In the case of Union of India v. Delhi Cloth & General Mills Co. Ltd. AIR 1963 SC 791 at 795 the following passage in the permanent edition of words and phrases was referred to by the Hob'ble Supreme Court with approval " manufacture implies a change, but every change is not manufacture and yet every change of article is the result of treatment, labour and manipulation. But something more is necessary and the must be transformation, and new and different article must emerge having distinctive name, character or use ". The Hon'ble Supreme Court in the case of Empire Industries Ltd. v. Union of India [1986] 162 ITR 846 referred to with approval the decision of the Hon'ble Bombay High Court in Kores (India) Ltd. v. Union of India [1982] 10 ELT (J) 253. The Hon'ble Bombay High Court had held as under :
" Fabric itself means woven materials. It was contended that processing the manufactured fabric does not bring into existence any new woven material but the question is new and different goods emerge having a distinctive name, use and character."

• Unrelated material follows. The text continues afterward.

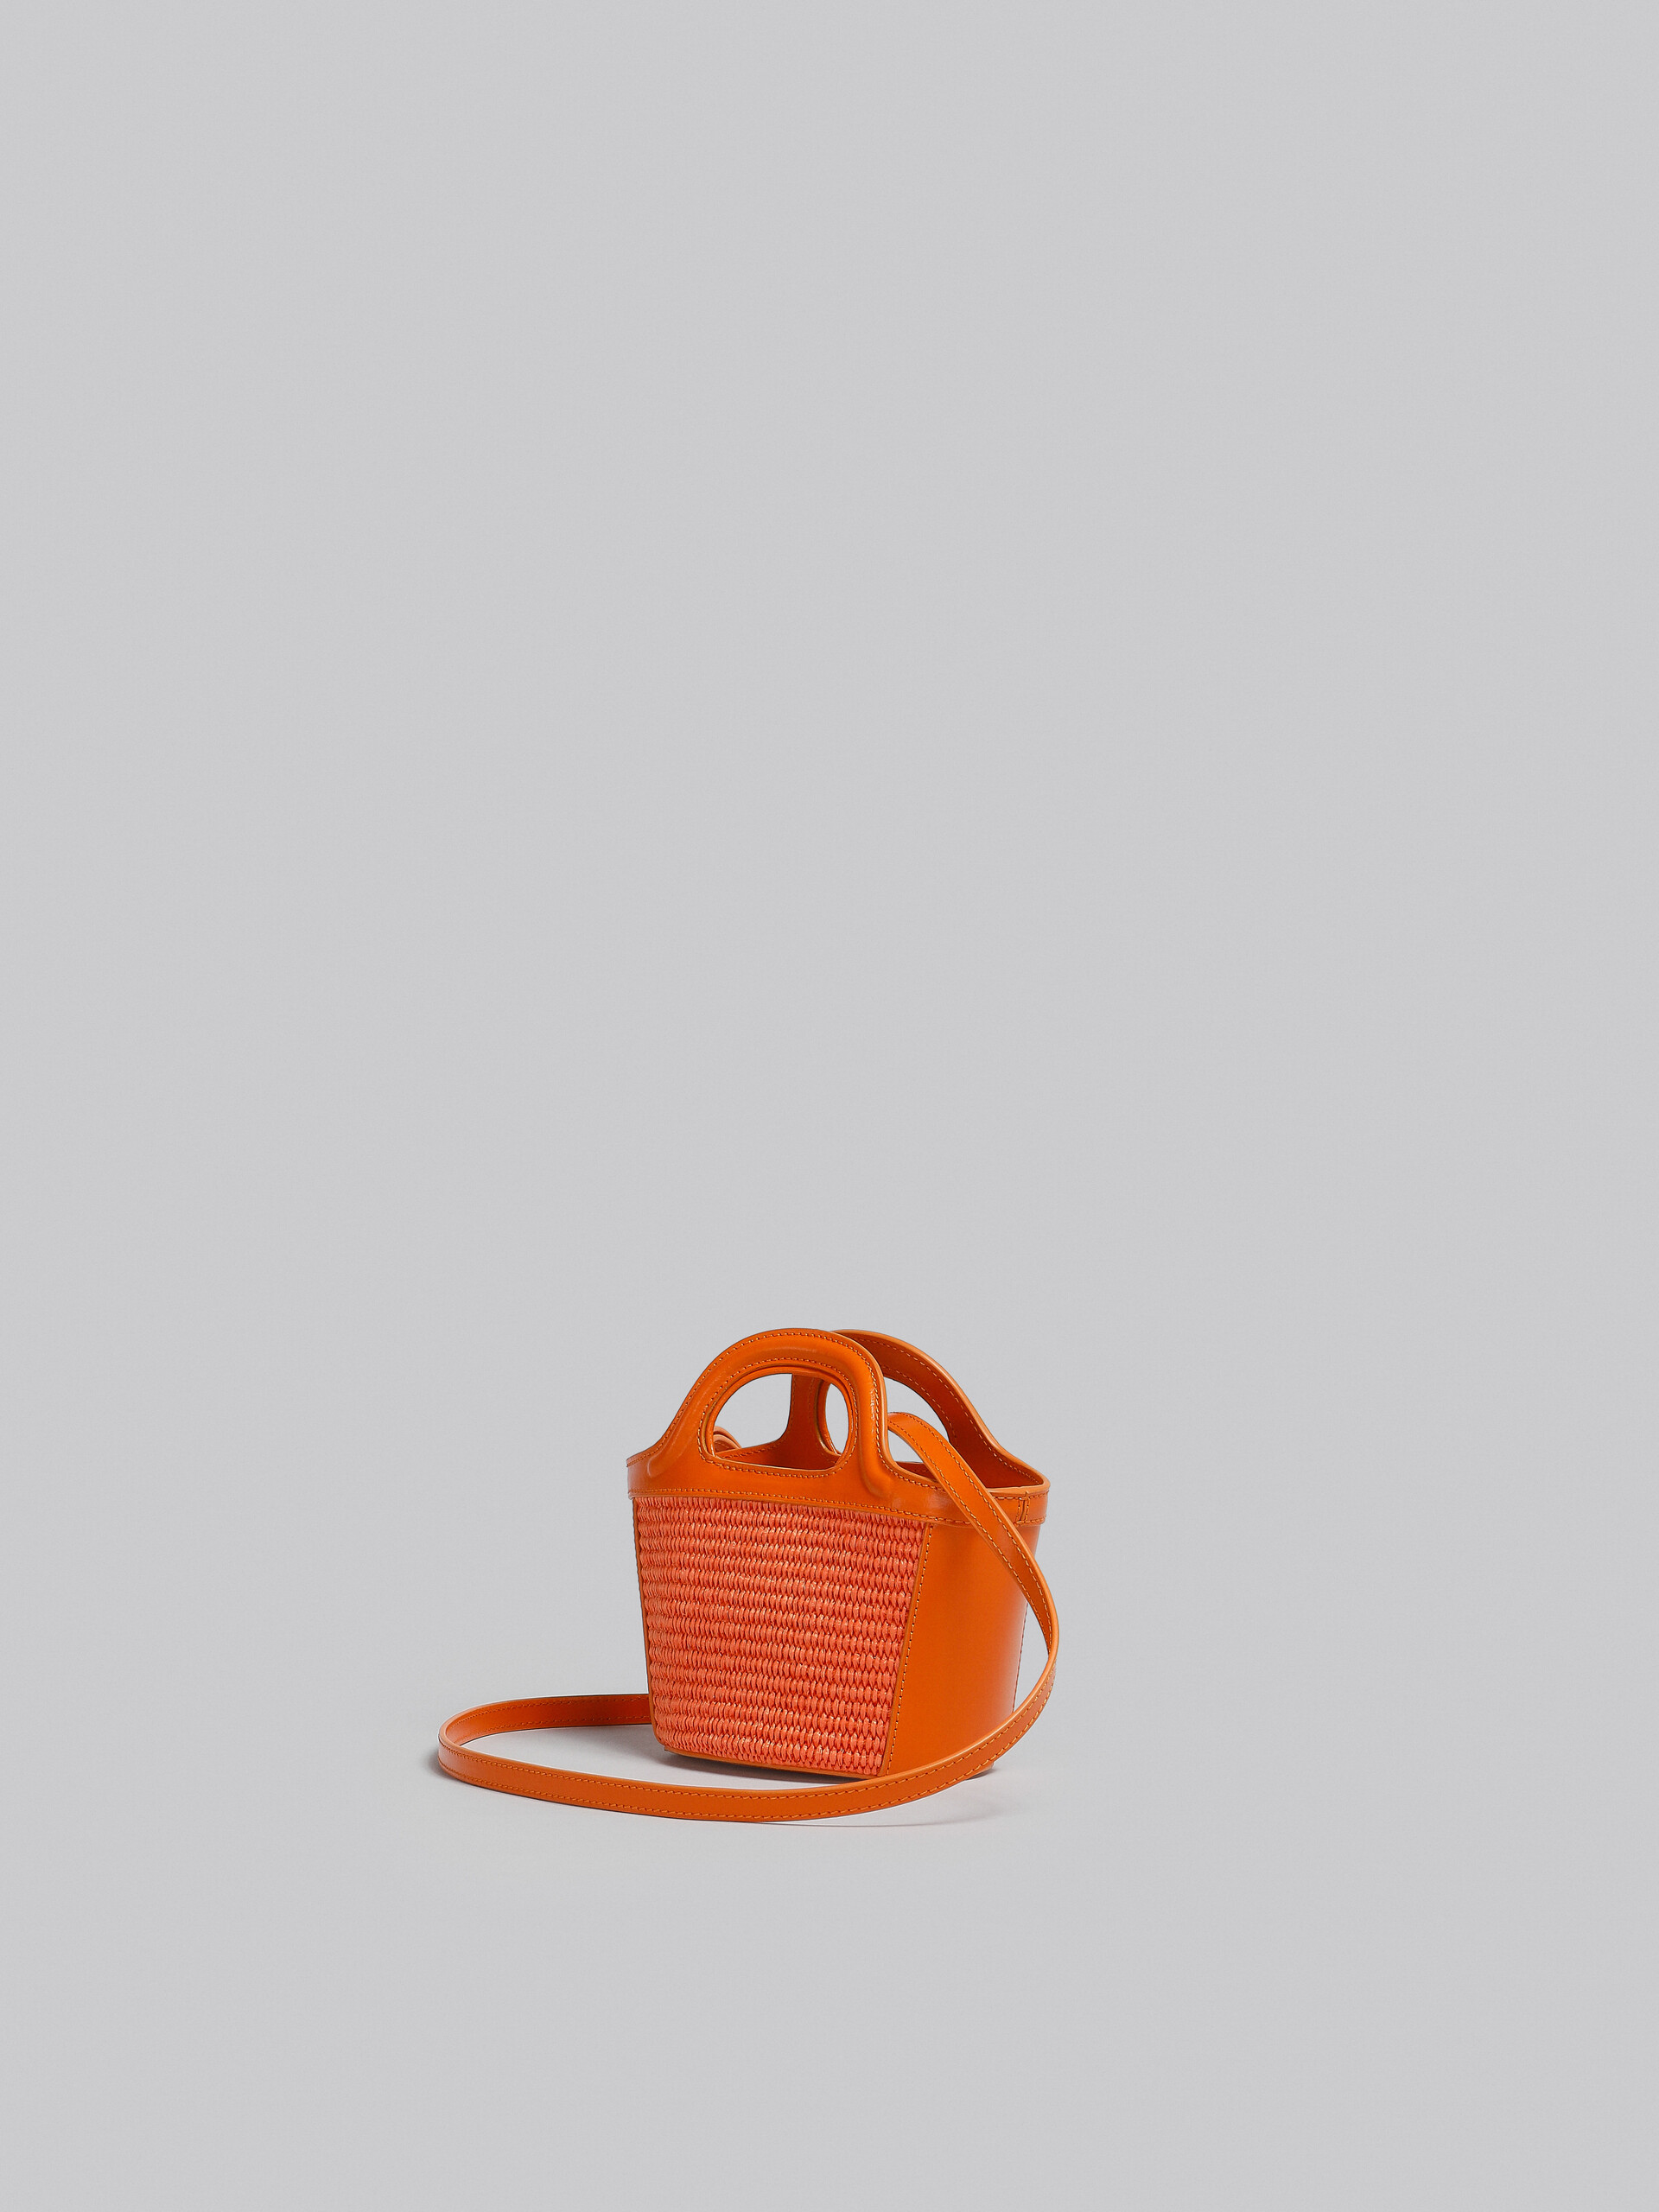 Tropicalia Micro Bag in orange leather and raffia - Handbags - Image 3

The Hon'ble Supreme Court in Empire Industries Ltd.'s case held that the process of bleaching, dyeing and printing etymologically also means manufacturing. It was accordingly held that grey fabric after it undergoes the various processes of bleaching, dyeing, sizing, printing, finishing, etc., emerges as a commercially different commodity with its own particulars, structure, custom and other commercial incident and accordingly there was in that sense manufacture of goods. A larger Bench of the Supreme Court constituted of five judges in the case of Ujagar Prints v. Union of India [1989] 179 ITR 317 has approved its earlier decision in Empire Industries Ltd. 's case. Thus it is evident from the case law cited above that sometimes processing of goods and manufacturing of goods merge with each other and if a different commodity than the original commodity is produced, the processing may amount to manufacture. Whether processing of goods amounts to manufacture of goods will depend on the facts and circumstances of each case. The issue as to Whether processing of flat yarn by a chemical process amounts to manufacture of twisted yarn had come up before the ITAT Ahmedabad Bench in the case of N. (P.) Ltd. The Hon'ble Bench after quoting expert opinion in the order came to conclusion that when the flat yarn is physically twisted under mechanical process in chemicals, a different commercial commodity than the flat yarn is produced and as such the processing of the flat yarn amounts to manufacturing of goods. Since no contrary decision has been brought to our notice, we respectfully following the decision of the Ahmedabad Bench of the ITAT hold that the processing of flat yarn by a mechanical process and by twisting several threads together, a different commercial commodity is produced. Thus the third objection raised by the assessing officer for denying the benefit of deductions u/s. 80HH and 80-I to the assessee that the assessee is not engaged in the manufacture of goods does not stand the test of law. For the aforementioned reasons we hold that the order passed by the CIT(A) does not call for any interference and that the assessee is entitled to deduction in respect of secs. 80HH and 80-I of the Income-tax Act, 1961.